I)                    Tratados de direitos humanos incorporados à ordem interna antes da promulgação da CF/1988, tendo índole constitucional por terem sido formalmente recepcionadas.
II)                  Tratados que virão a ser celebrados após a EC 45/2044, que, para serem equiparadas às normas de natureza constitucional, submeter-se-ão ao procedimento previsto no art. 5º, SS3º.
III)                Tratados celebrados durante o ínterim entre a promulgação da CF/1988 e a EC 45/2004, assumindo caráter materialmente constitucional, transmitida em virtude de sua inclusão no bloco de constitucionalidade (“somatória do que é adicionado à Constituição escrita, em função dos valores e princípios nela consagrados”).

Deve haver primazia dos tratados internacionais em matéria de direitos humanos sobre o direito interno brasileiro, valorizando-se o sistema de proteção aos direitos humanos ao atribuir-lhe caráter hierarquicamente superior ao de legislação ordinária, conferindo supremacia e procedência ao ordenamento doméstico.
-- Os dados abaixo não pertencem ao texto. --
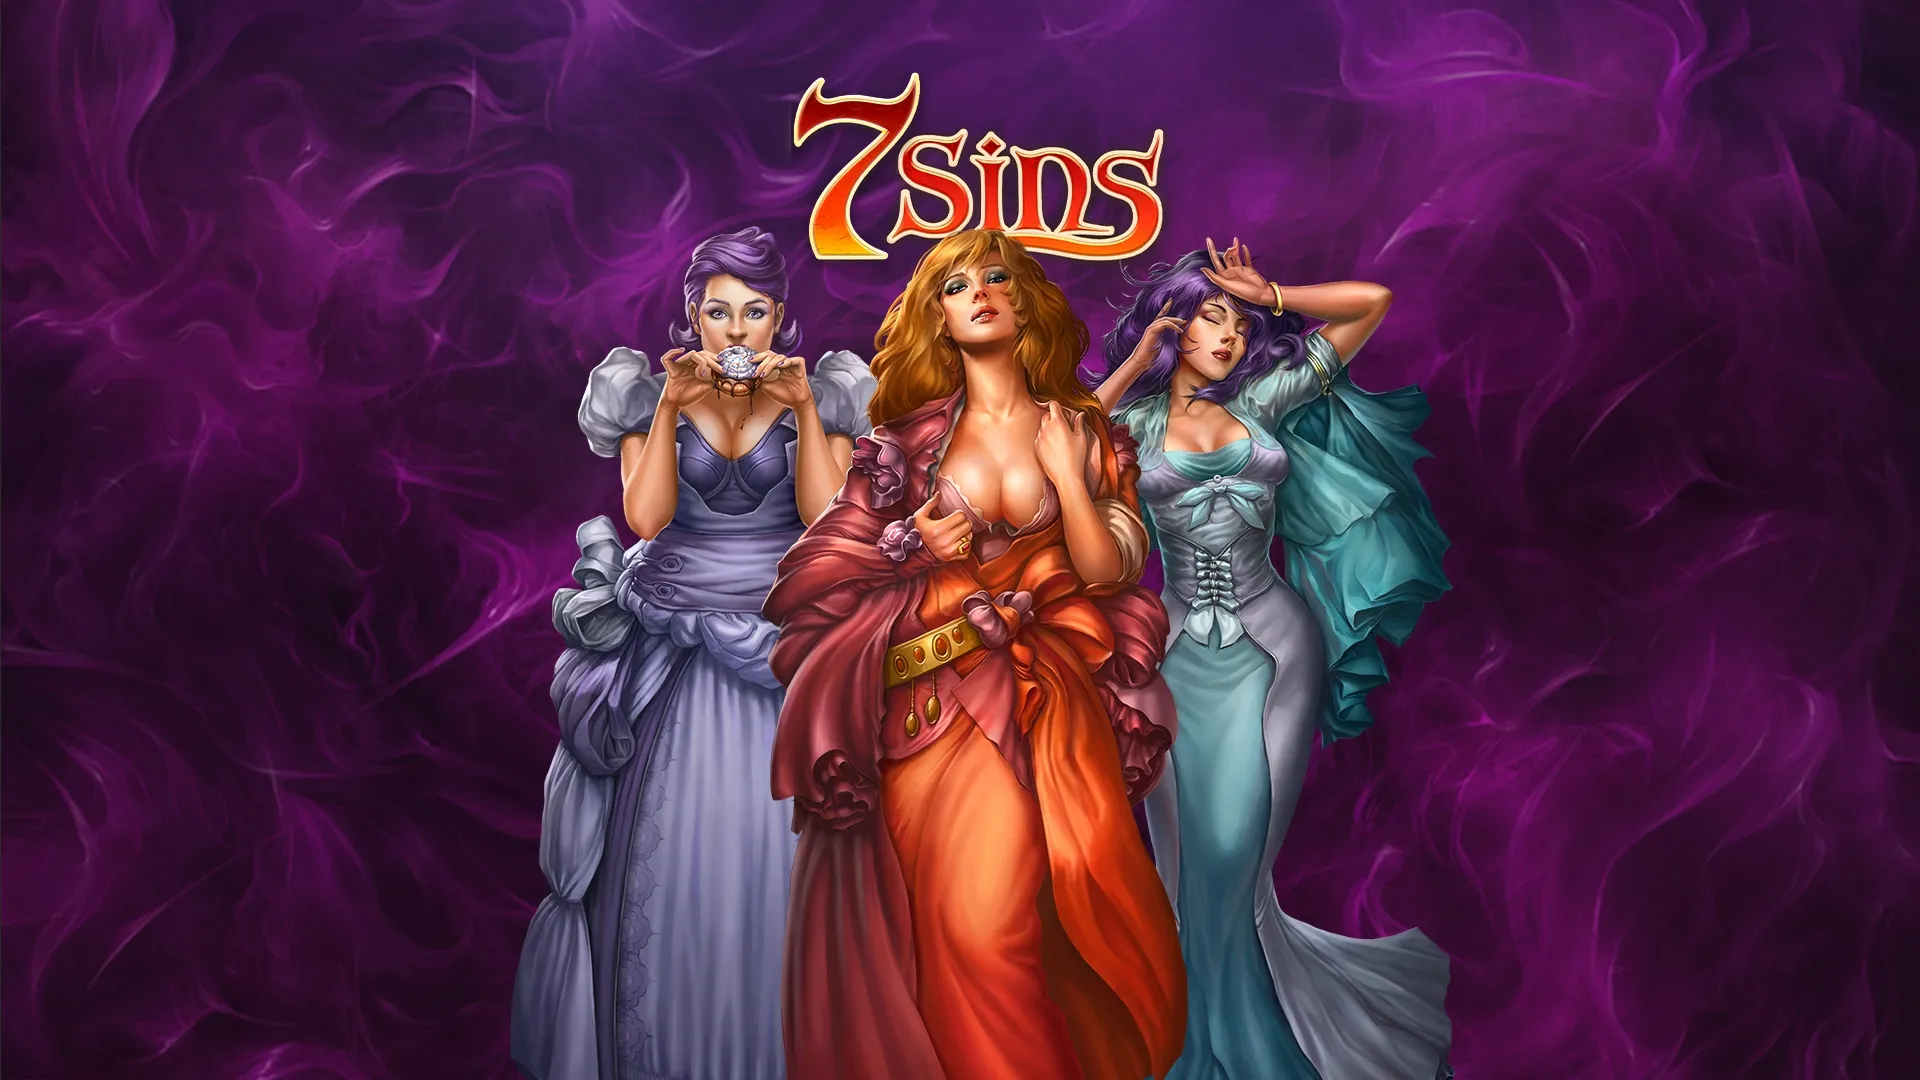 7 Sins slot cover image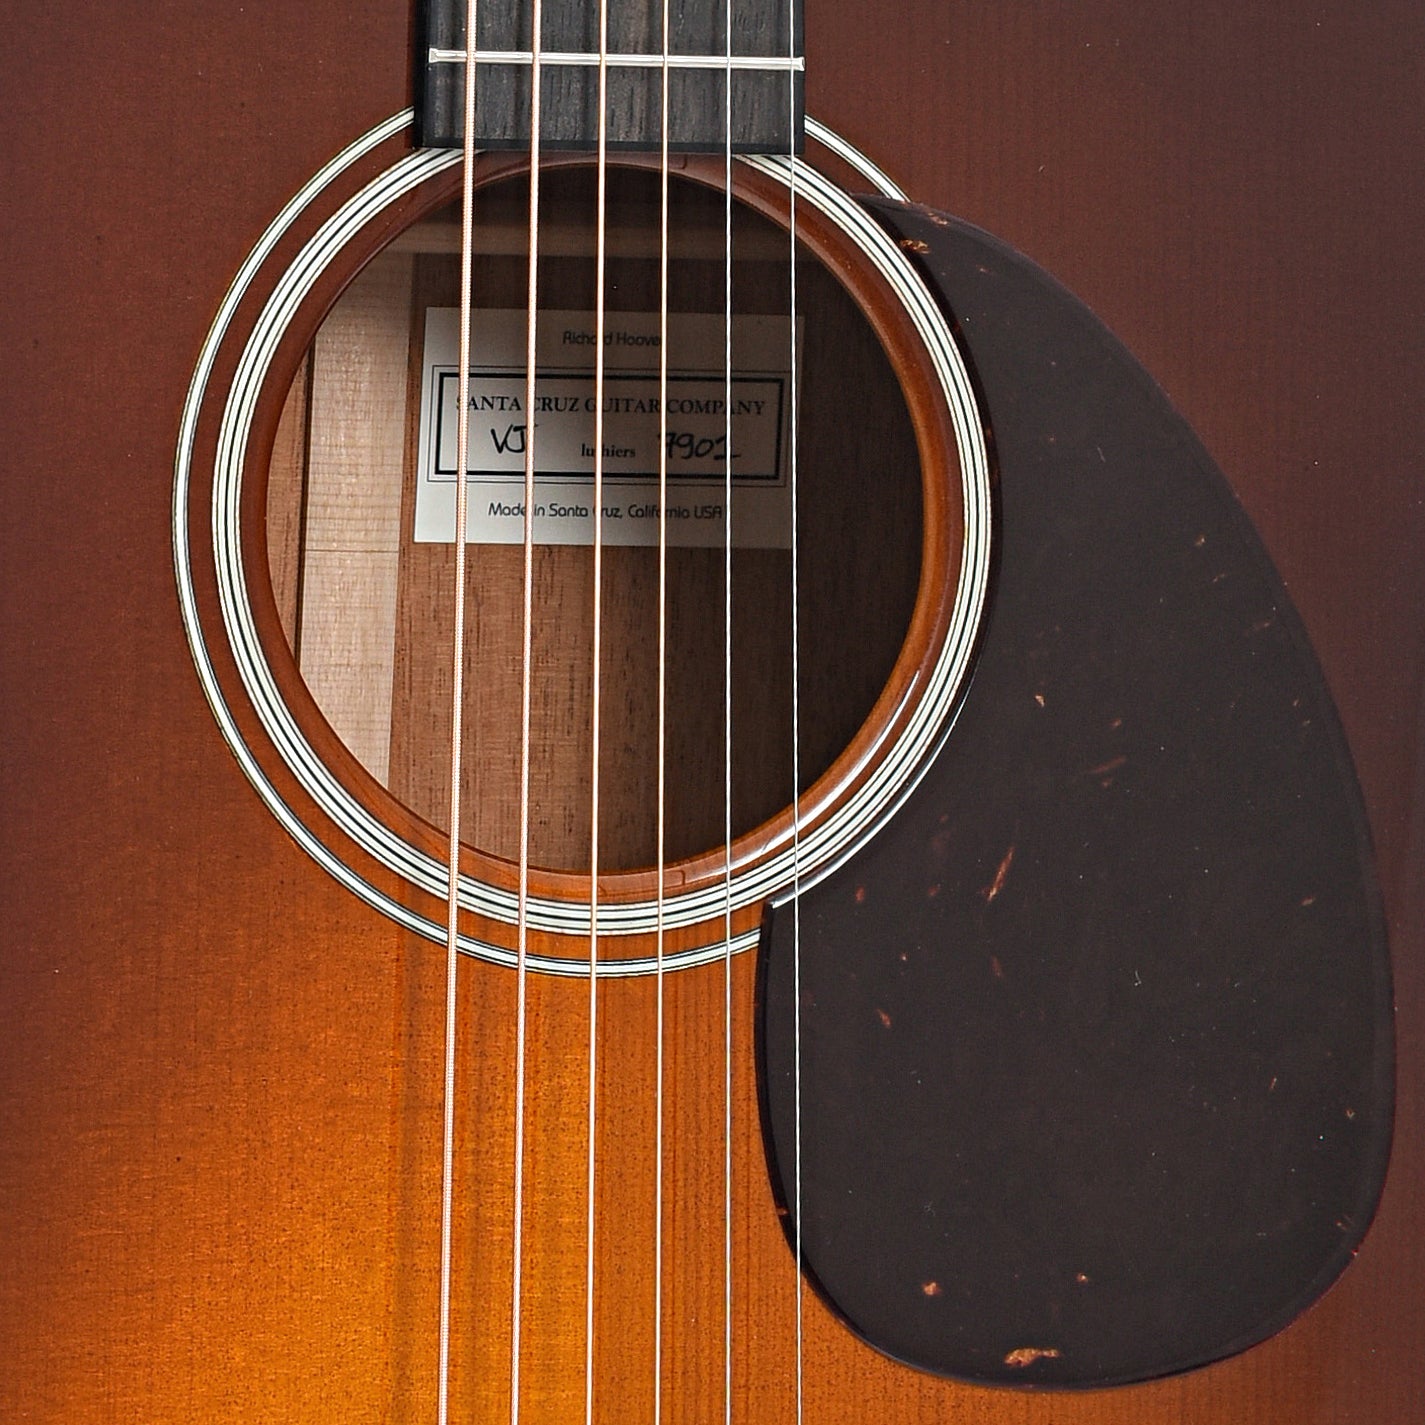 Sound hole and pickguard of Santa Cruz Custom Vintage Jumbo Acoustic Guitar

É ressaltado que há possibilidade de alteração das exceções constitucionais à vedação da prisão civil por dívida, tanto por atividade legiferante ordinária, quanto por formulações advindas de convenções ou tratadas internacionais, bem como por interpretações da Constituição e do ordenamento feitas por juízes e Tribunais. A interpretação, portanto, é de papel fundamental, posto que não só revela, mas também adéqua o sentido de regras normativas ao contexto social, econômico e político da contemporaneidade, e sua legitimidade está vinculada à sua capacidade de fiel reflexão do “espírito do tempo”.

Ademais, pode ser reconhecida a inconstitucionalidade de tratados internacionais em geral, que reduzam ou suprimam direitos e garantias individuais já preconizados pela Carta Política, visto que, enquanto estatuto fundamental da República, a ela se submetem leis e tratados. E quando da antinomia entre tratados internacionais (que não versem sobre direitos humanos) e a Constituição, prevalecerá a última, por consequência da precedência hierárquica do texto constitucional.

A reforma constitucional trazida pela EC 45/2004 permitiu a reflexão acerca da estatura constitucional de tratados internacionais de direitos humanos.

As razões expostas levam à conclusão de que o Decreto-Lei 911/69 não foi recepcionado pelo ordenamento constitucional, havendo clara incompatibilidade material superveniente entre o ato normativo e a Constituição vigente. Cabe ao credor fiduciário a ação de depósito, porém sem a cominação de prisão civil do fiduciante vencido. Nega-se provimento ao recurso.